● WHAT YOU NEED TO DO
The answer is a stretch of the material below, returned exactly: the line containing "Elio looks out", the line containing "Example task inputs and outputs", and all lines between.

● PROVIDED RECORDS

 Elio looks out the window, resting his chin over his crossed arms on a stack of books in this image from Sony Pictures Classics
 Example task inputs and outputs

* * *

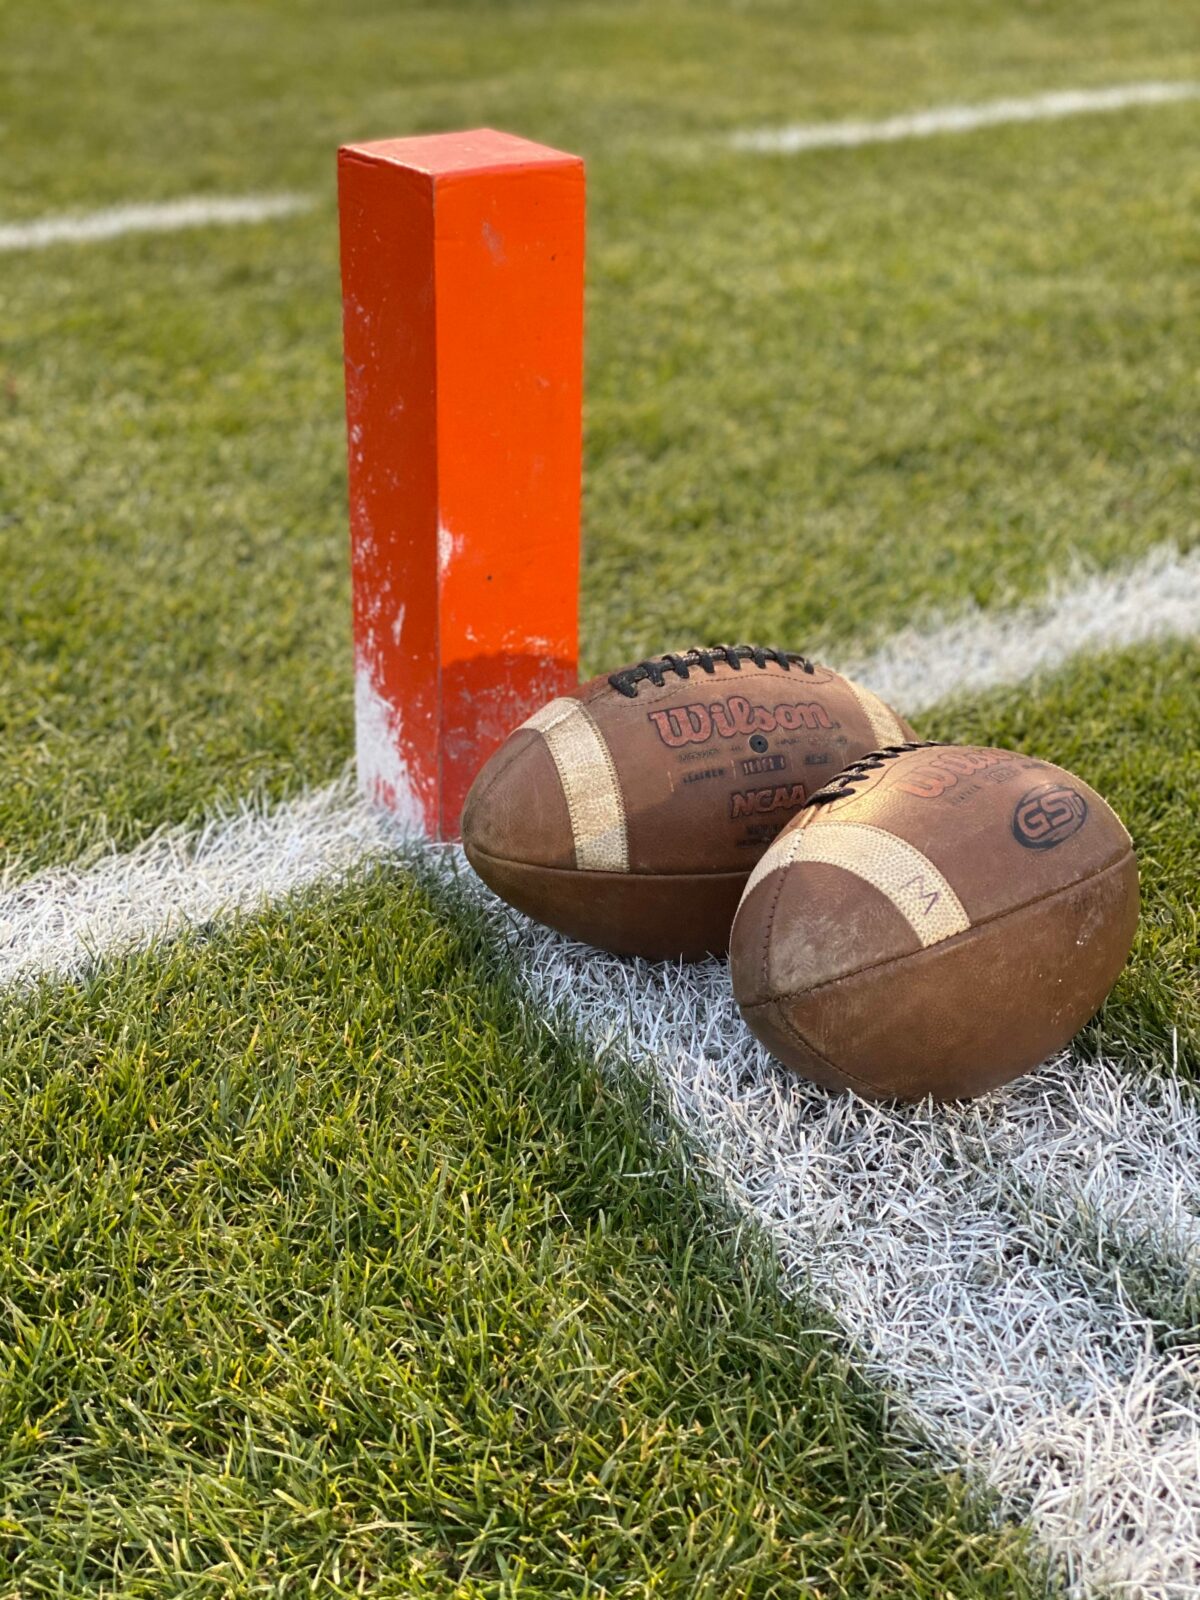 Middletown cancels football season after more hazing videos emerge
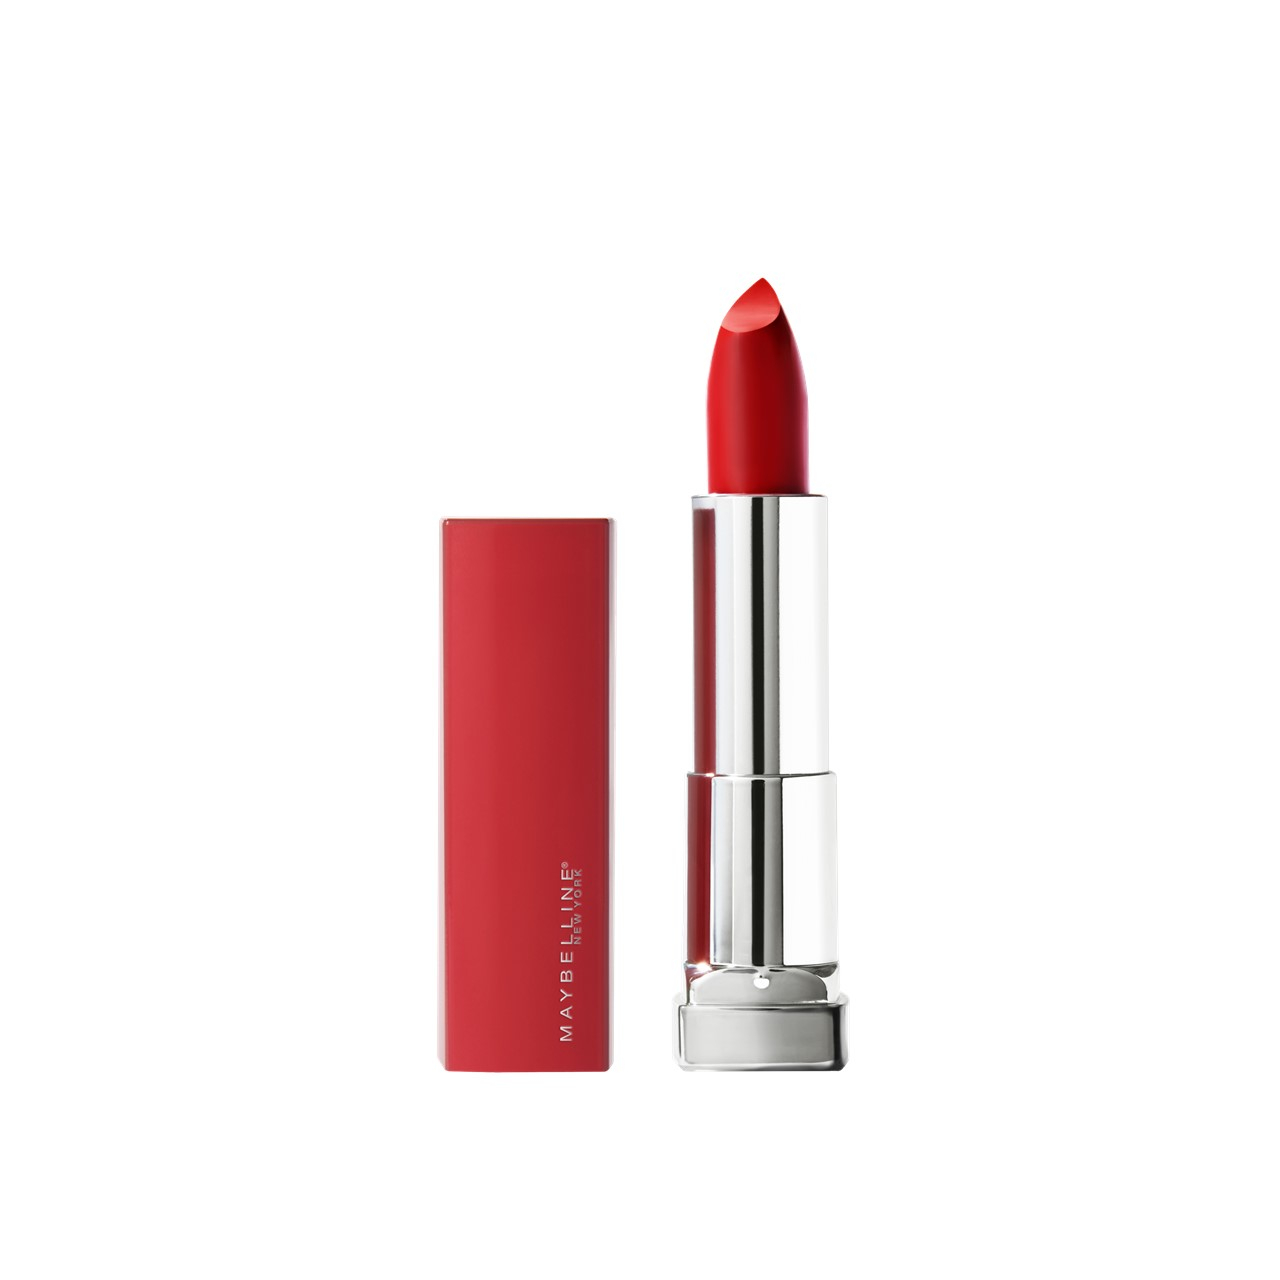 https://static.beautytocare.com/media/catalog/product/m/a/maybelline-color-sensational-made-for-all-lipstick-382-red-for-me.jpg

● SOLVED EXERCISE
 Elio looks out the window, resting his chin over his crossed arms on a stack of books in this image from Sony Pictures Classics
 Example task inputs and outputs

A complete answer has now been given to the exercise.